*** Study material Section Begins ***
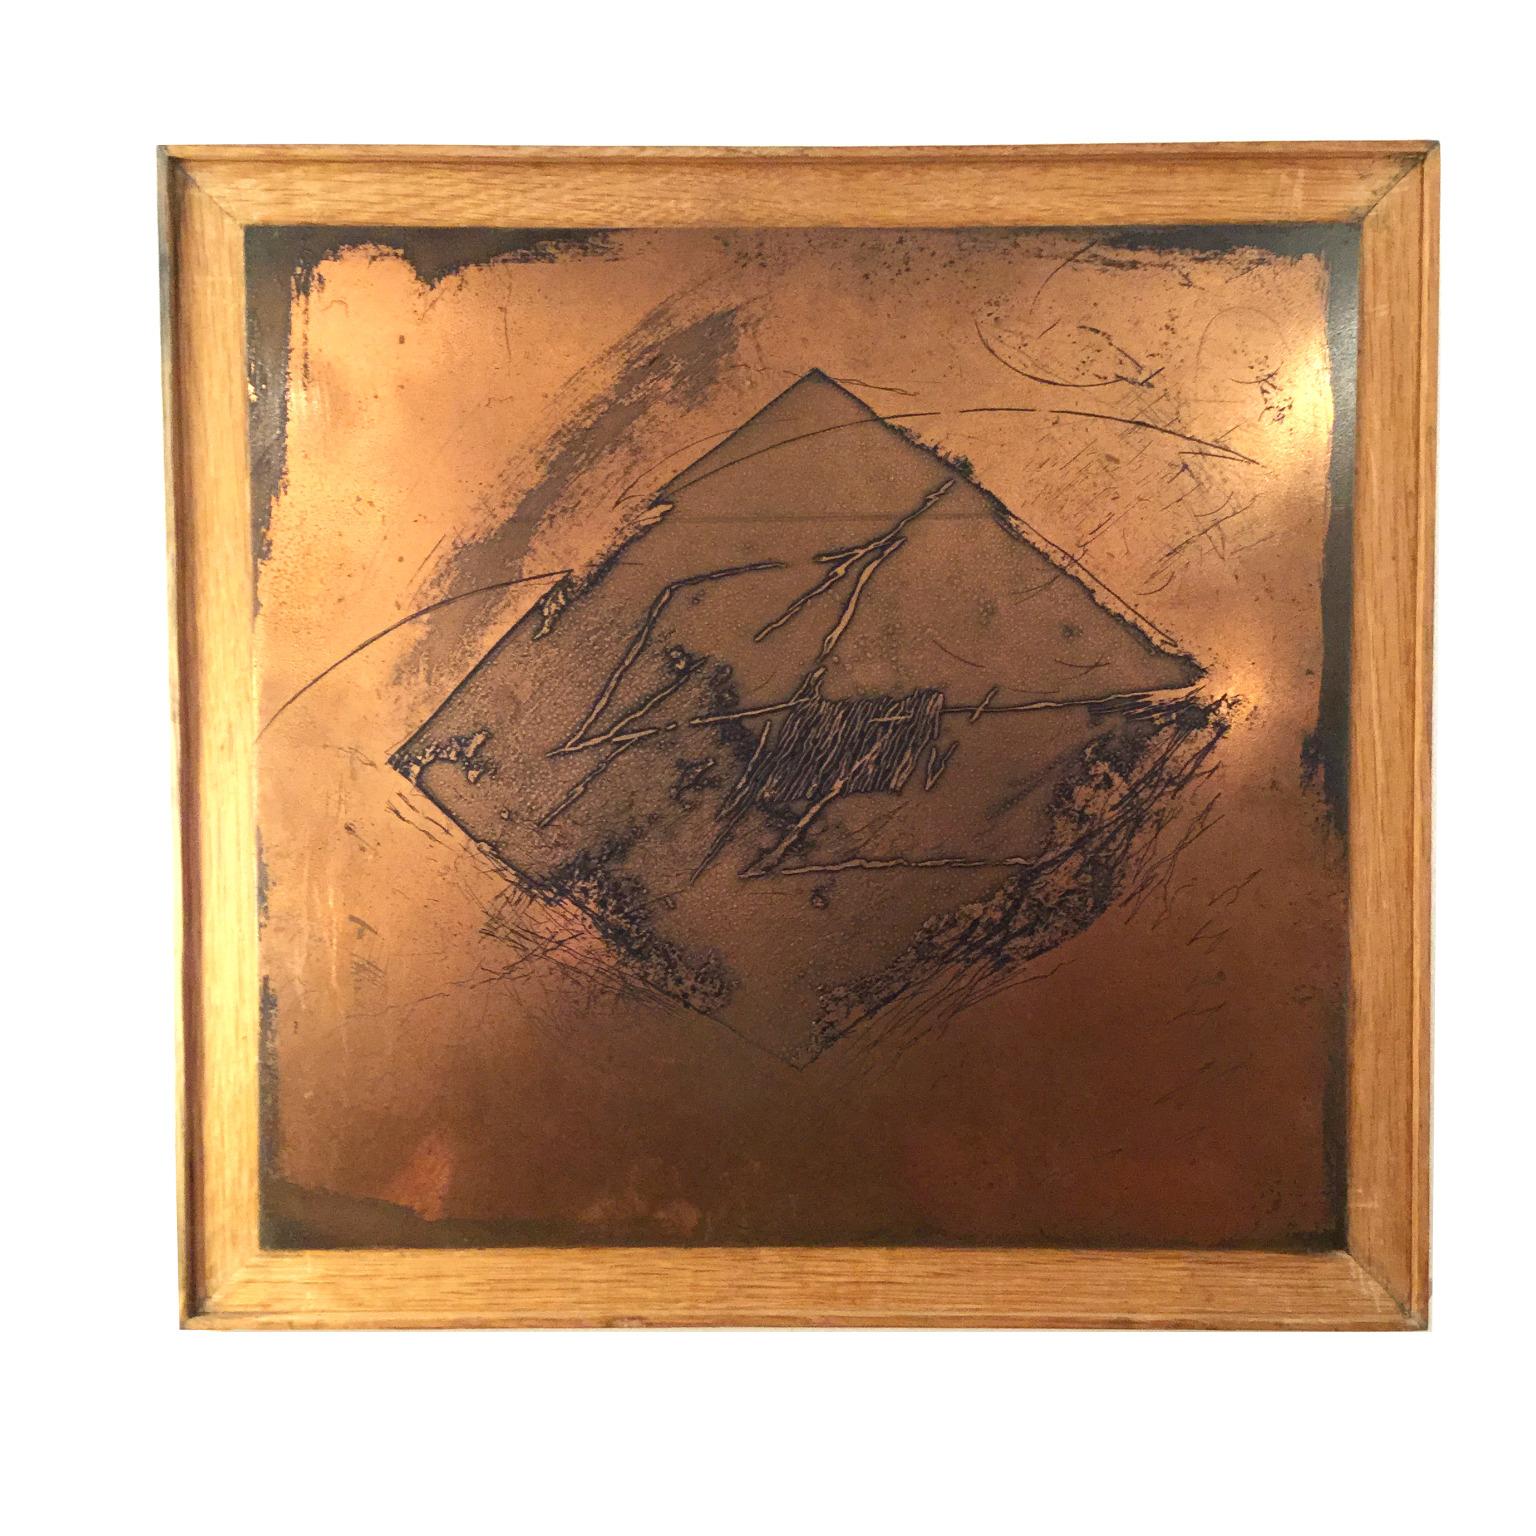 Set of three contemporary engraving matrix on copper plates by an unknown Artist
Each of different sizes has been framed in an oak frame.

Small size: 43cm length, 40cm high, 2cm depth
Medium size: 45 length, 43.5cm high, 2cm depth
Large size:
*** Study material Section Ends ***
**What is needed**
Each entry above must be duplicated precisely; none of the pictures may be included.

**Expected answer**
 Set of three contemporary engraving matrix on copper plates by an unknown Artist
Each of different sizes has been framed in an oak frame.

Small size: 43cm length, 40cm high, 2cm depth
Medium size: 45 length, 43.5cm high, 2cm depth
Large size:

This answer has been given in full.